-------- Data section --------

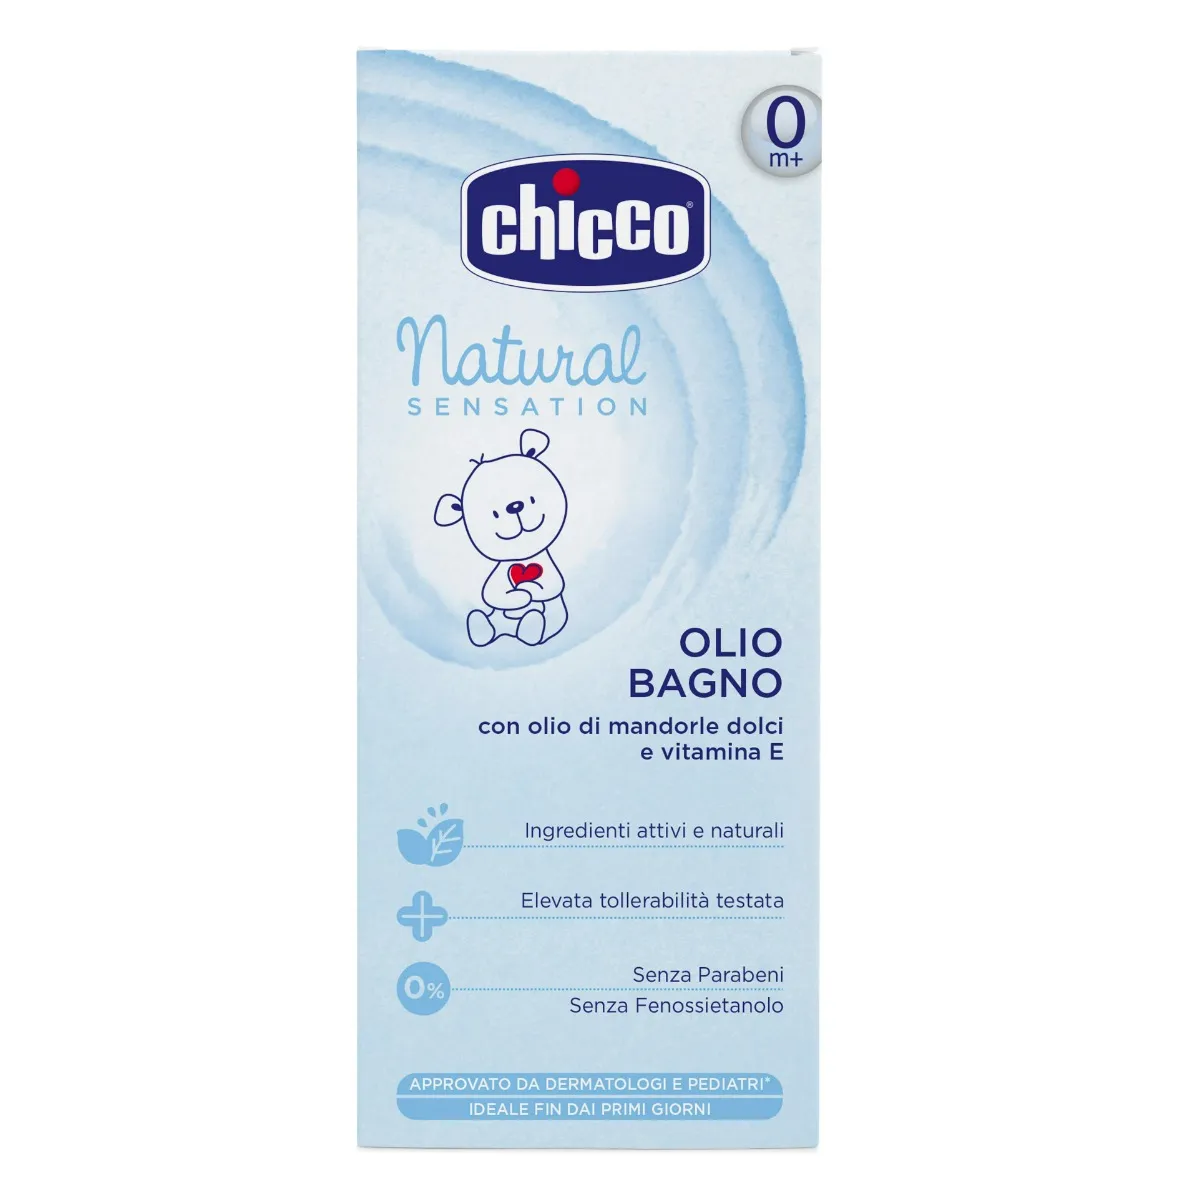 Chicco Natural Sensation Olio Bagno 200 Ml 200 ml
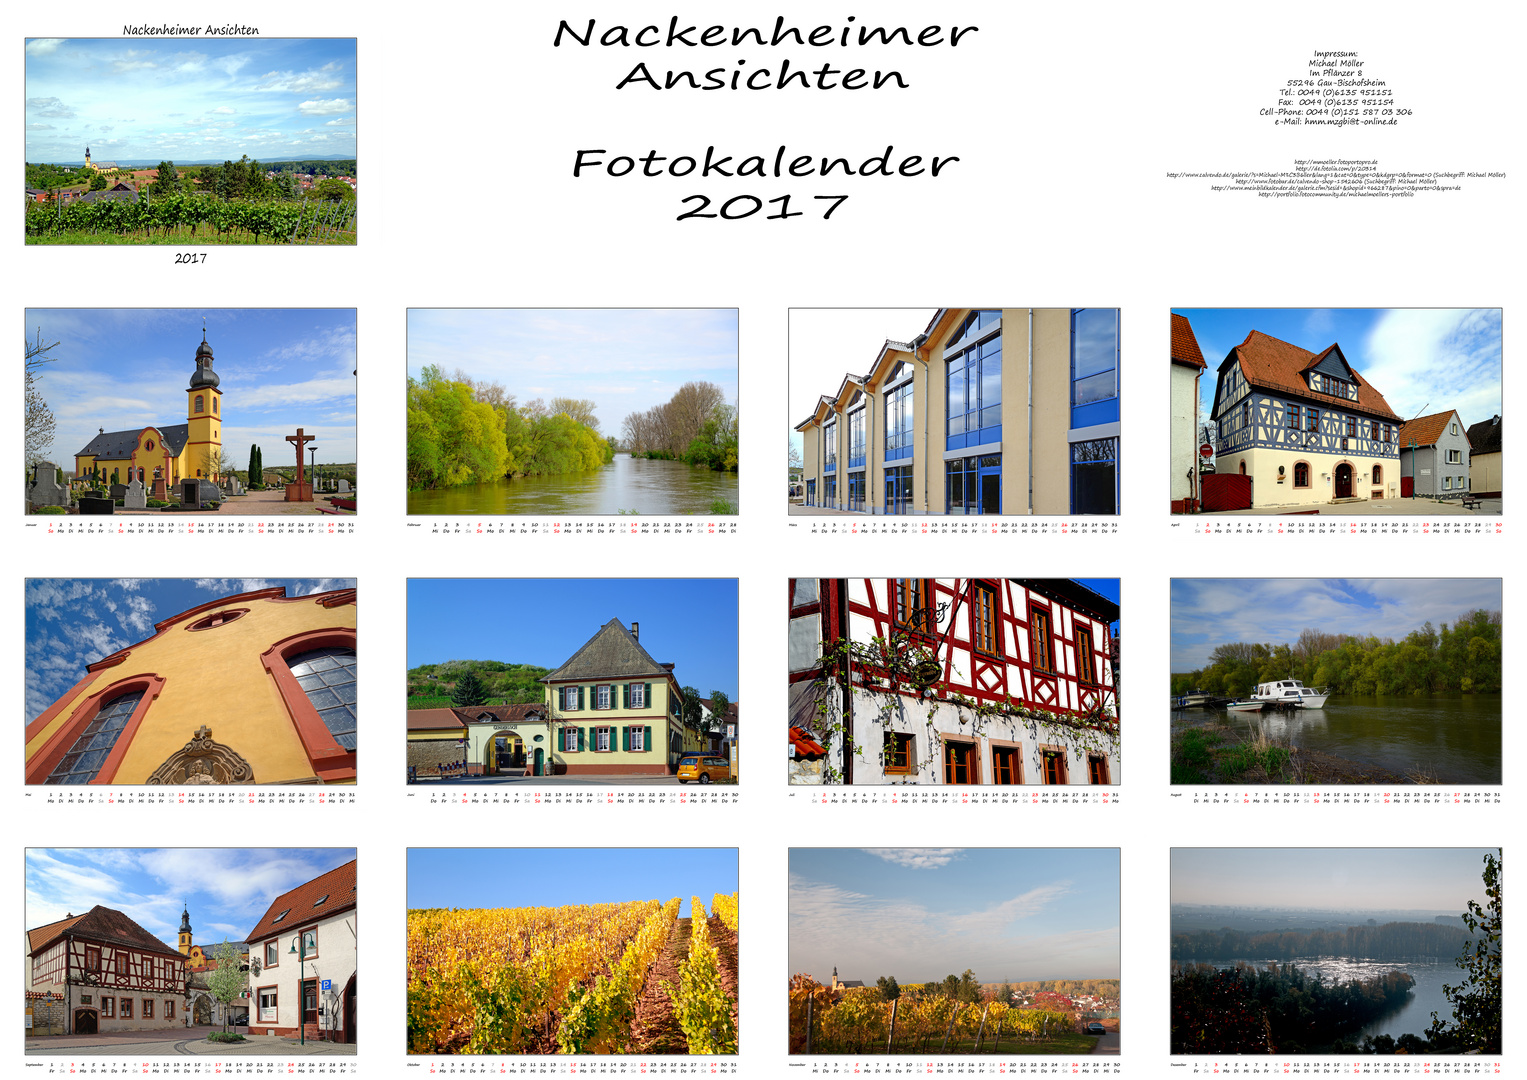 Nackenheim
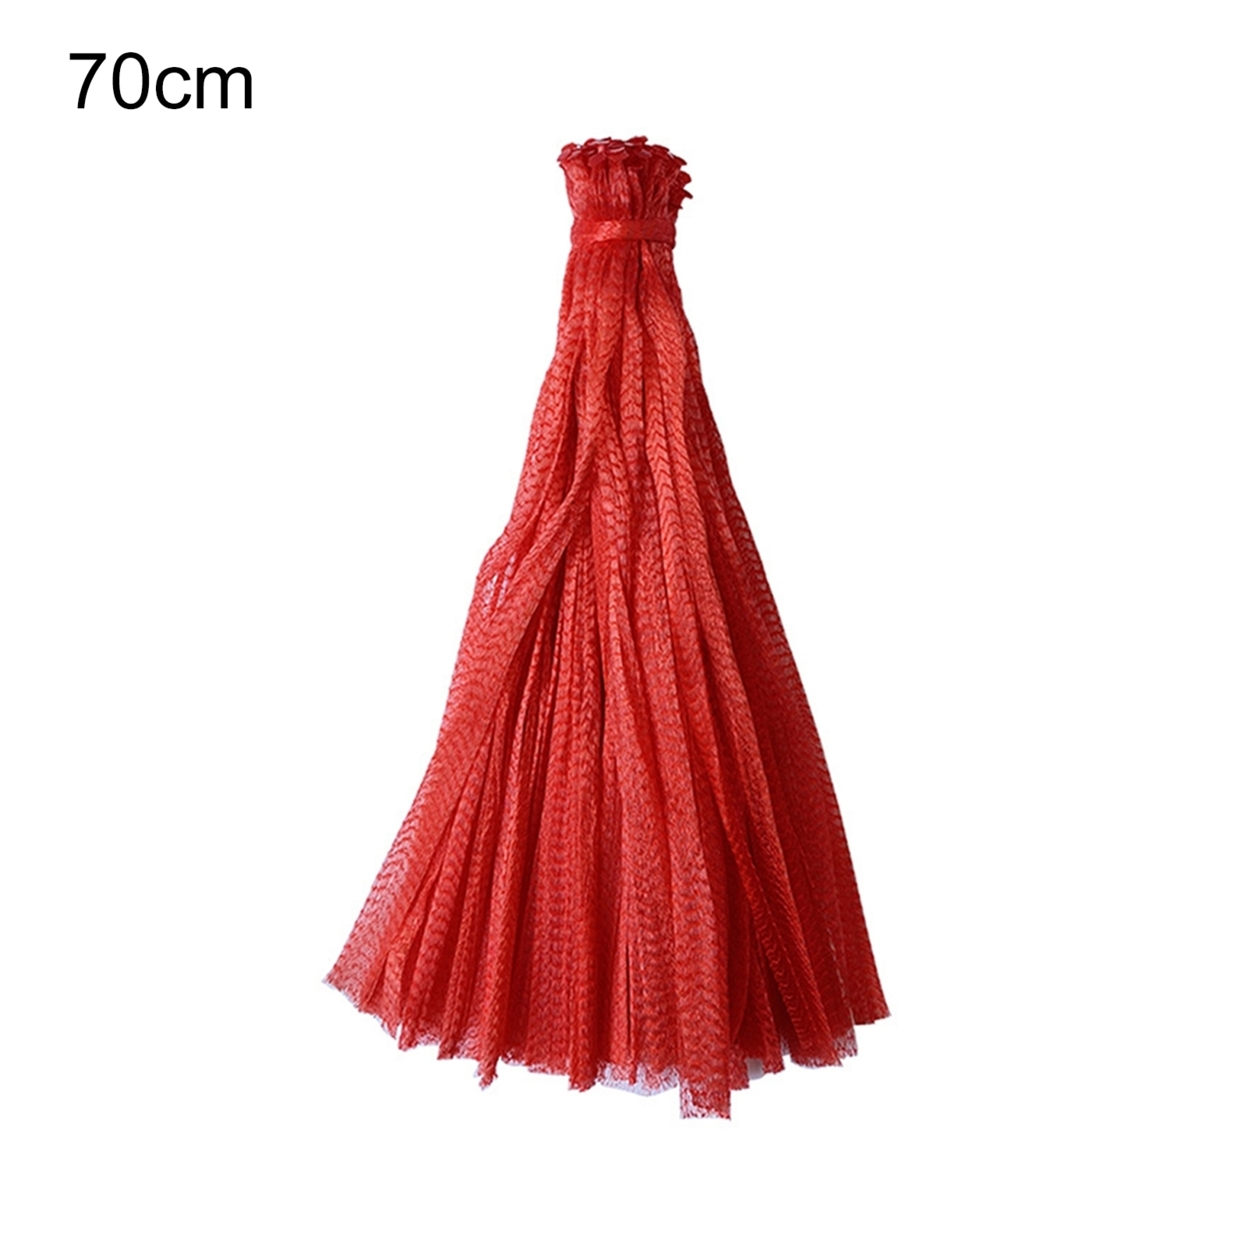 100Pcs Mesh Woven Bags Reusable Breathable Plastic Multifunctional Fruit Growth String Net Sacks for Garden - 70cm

--------

**Goal of the exercise**
The whole listing, minus its images, should be repeated exactly.

**Answer to this task**
 Chicco Natural Sensation Olio Bagno 200 Ml 200 ml
 Nackenheim
 100Pcs Mesh Woven Bags Reusable Breathable Plastic Multifunctional Fruit Growth String Net Sacks for Garden - 70cm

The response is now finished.